Friday, March 16, 2012

Fasting for Pagans

The season of Lent is in full swing now; the biggest period of fasting in the Christian calendar. I was raised in a Christian household, and I still remember Lent quite fondly - fish frys on Fridays, giving up chocolate or TV or some other luxury - and waiting, waiting, waiting for Easter Sunday, when all the self-restraint was lifted and I could eat as much of my giant chocolate bunny as I could handle. As I got older, I began to appreciate the spiritual benefits conferred by fasting; spending the time one normally would enjoying food or some other activity in prayer or meditation is incredibly powerful. I have always longed for a Pagan equivalent of sorts, but the closest I ever get is an all-night fasting vigil on the Winter Solstice.

So imagine my surprise to learn, when reading an article titled Rethinking Imbolc by Mary Jones, that Lent has its origins in the natural rhythms of the land as much as in Christian tradition. In early spring, the period between Imbolc and Eostara, the plants of Europe were just beginning to sprout and flower. Lambs and other domestic animals were not yet old enough for eating, and milk only added so much to stores of food strained from the long winter. In essence, early spring fasting was often a fast of necessity; later taken in and given religious meaning by the Catholic church.

This is an ancestral practice that we as Pagans can choose to honor as well. Though in our modern lives, we can just pop over to the supermarket for any fresh fruits, veggies, or meat that we'd like, it does us good to remember the cycles of the Earth that our ancestors were compelled to follow. Eating only seasonal, local produce becomes very difficult at this time of year, and it is in this way that I have chosen to honor my ancestors this year.

I have been unable to fast much for the past four years due to pregnancies and nursing, and it's something that I miss very much.
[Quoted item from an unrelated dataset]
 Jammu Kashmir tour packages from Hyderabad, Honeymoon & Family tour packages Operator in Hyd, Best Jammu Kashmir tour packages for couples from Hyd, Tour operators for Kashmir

Some day, when I am able to be a bit more lax about my nutritional requirements, I would like to undertake a bread and water fast during this Imbolc-Equinox period. For me, fasting is an incredibly powerful tool - meditation becomes easier, divination is clearer and more powerful, and rituals are full of a spiritual energy that can only be found when the body is not devoting its energy to the intake and digestion of food. Obviously it's not for everyone; but if you are a Pagan and have never given it a try, I heartily recommend it! Start small - ingest only water for twelve hours, or give up something special to you for a week and dedicate that sacrifice to the Gods/Goddesses or to your own spiritual growth. You might be surprised at the results you see.

Jones, Mary (2012). Rethinking Imbolc. Retrieved from

Wednesday, March 14, 2012

Week Two: The First Oath

This week on the ADF Dedicant's Path, I've been asked to make a First Oath as a commitment to the Druid path.  The Oath is meant to be given in an ADF-style ritual as well, so this week will also be my first one of those.  It feels very overwhelming!  But I'm also glad to be making some progress.  This kind of challenge (and hopefully, growth!) is exactly what I signed up for.  And so, tomorrow or Friday, I'll be doing my first ADF ritual.
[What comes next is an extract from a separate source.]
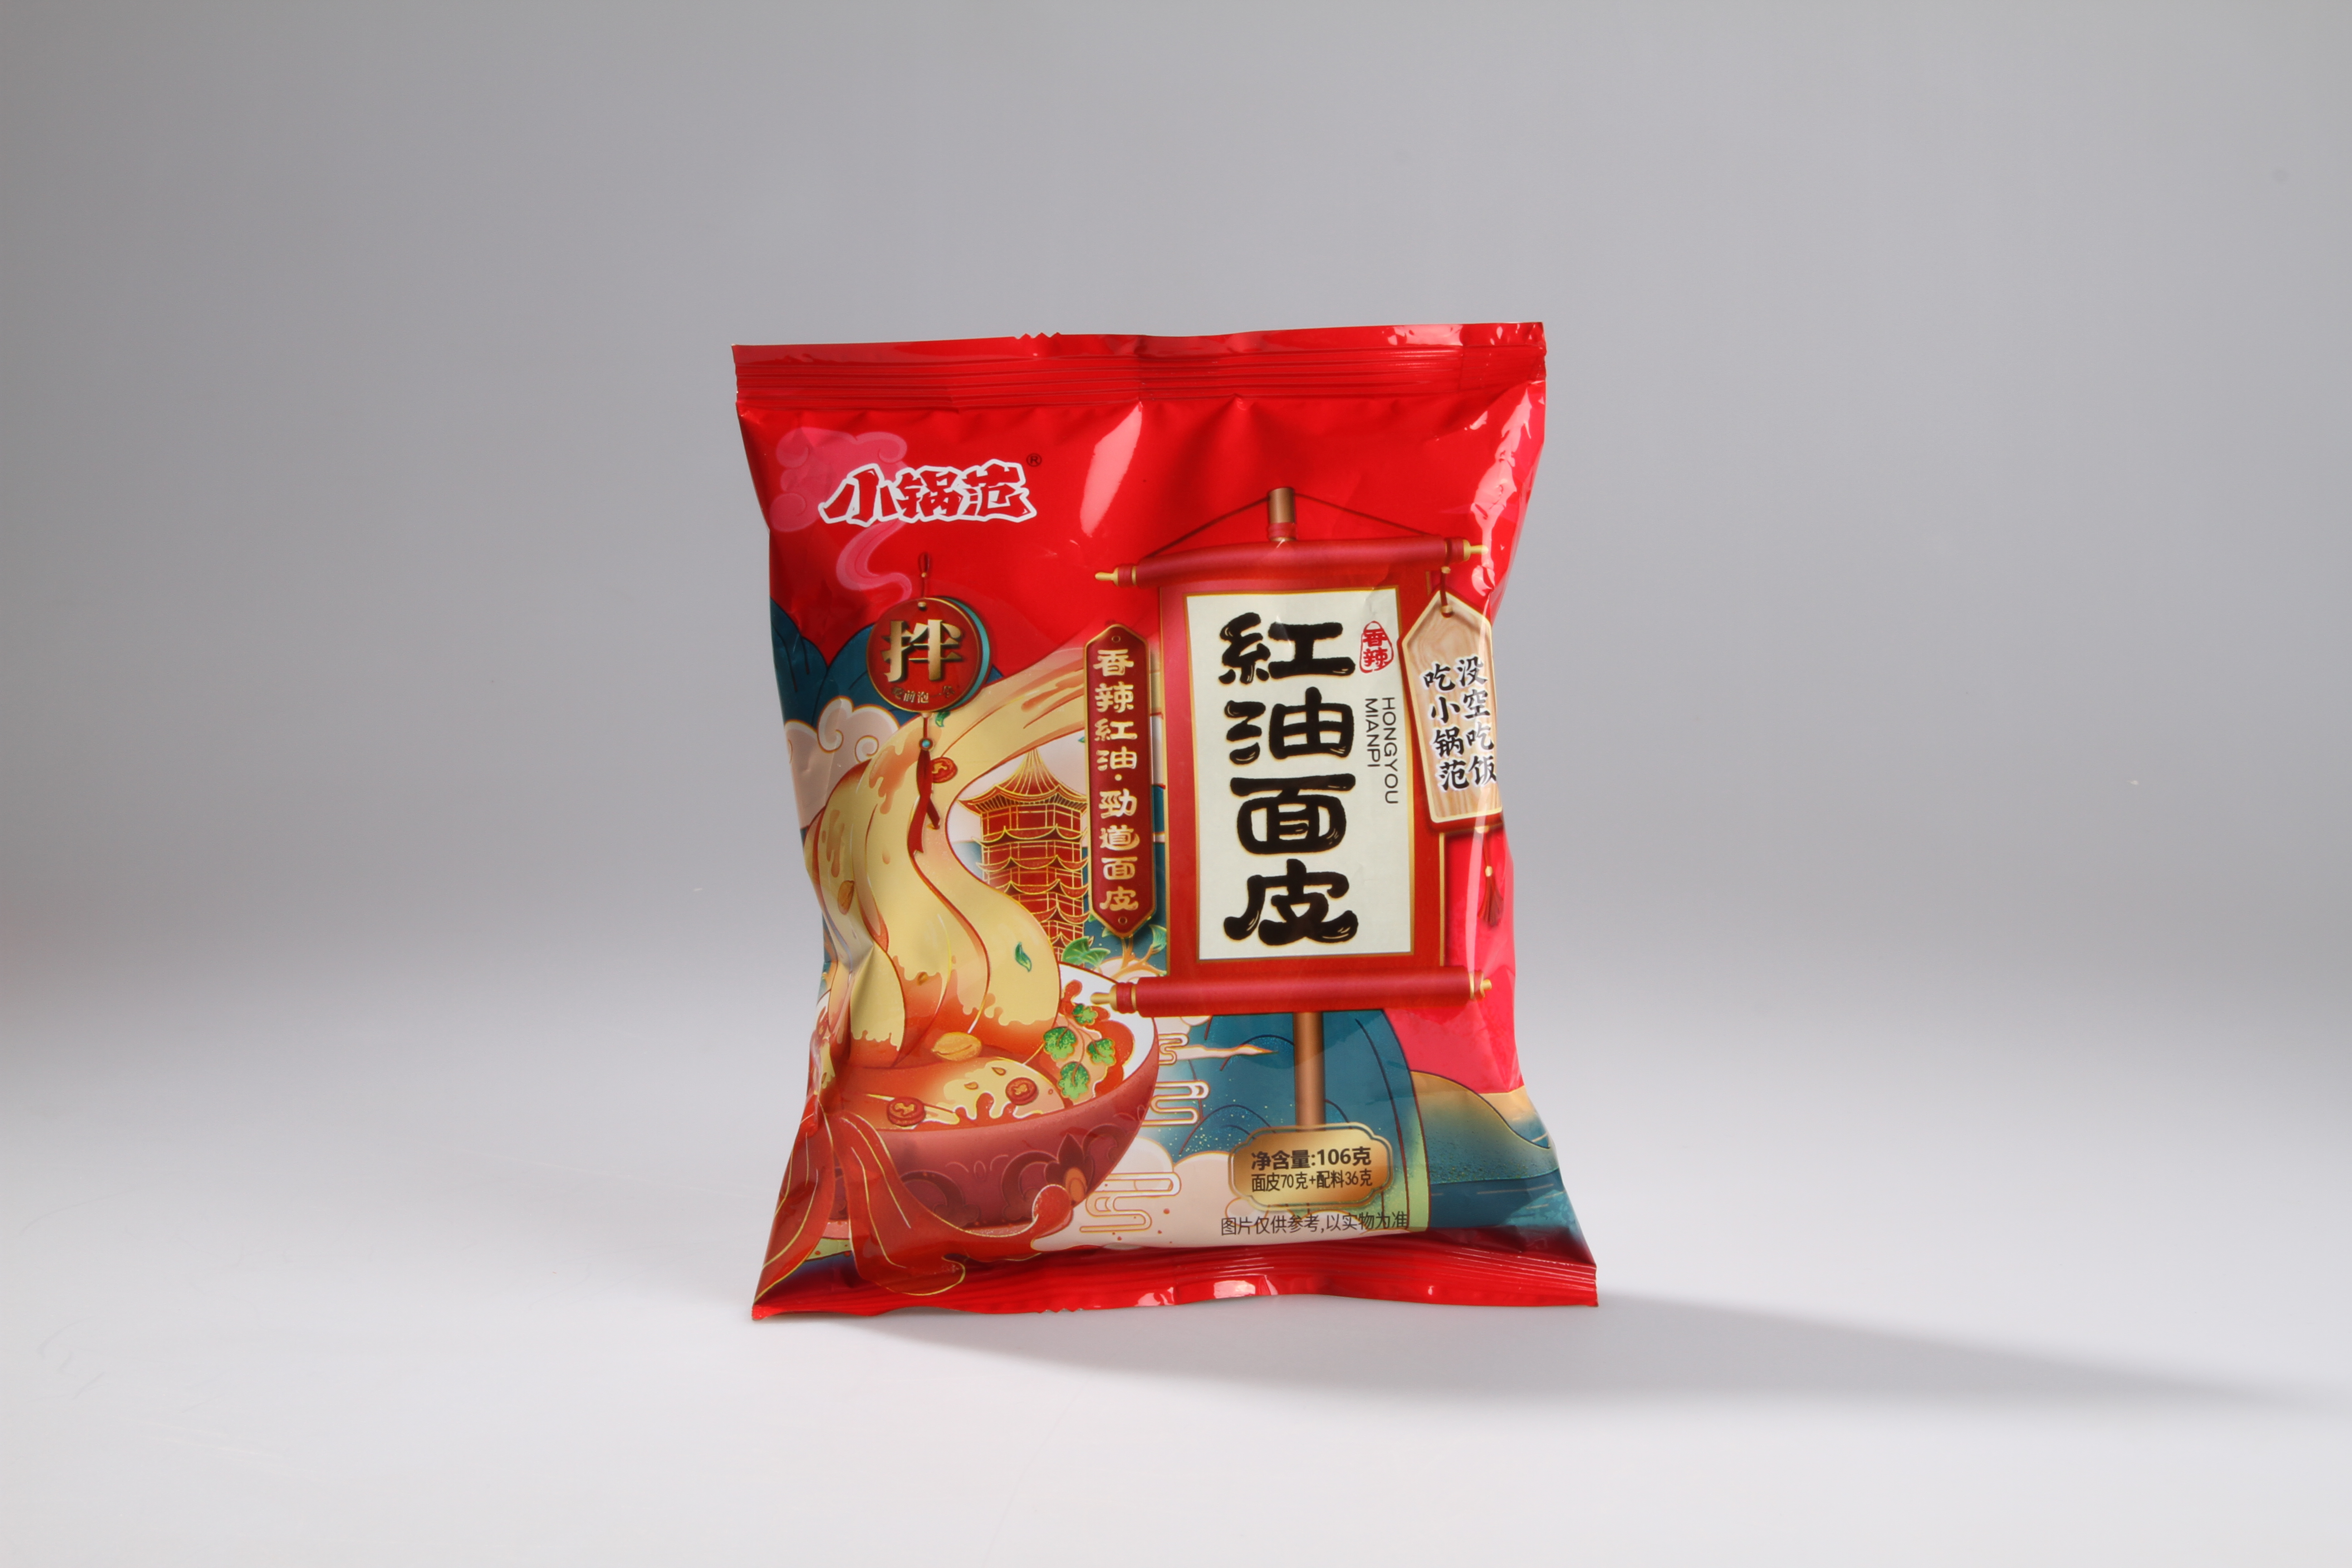 instant noodles with red oil flavor(chilli oil)

I had some trouble writing the Oath, so I borrowed the example given in Our Own Druidry and made some modifications for myself.  I haven't made any connections with deities thus far, so I chose to make my Oath before a nature spirit that I'm just getting to know a bit better - the beautiful oak in my backyard.  The three main components of the Oath are a vow of virtue, piety, and study; for myself I wanted to include dedication as well.  Though I may not always succeed, I will pursue my spiritual path and grow in it to the best of my abilities.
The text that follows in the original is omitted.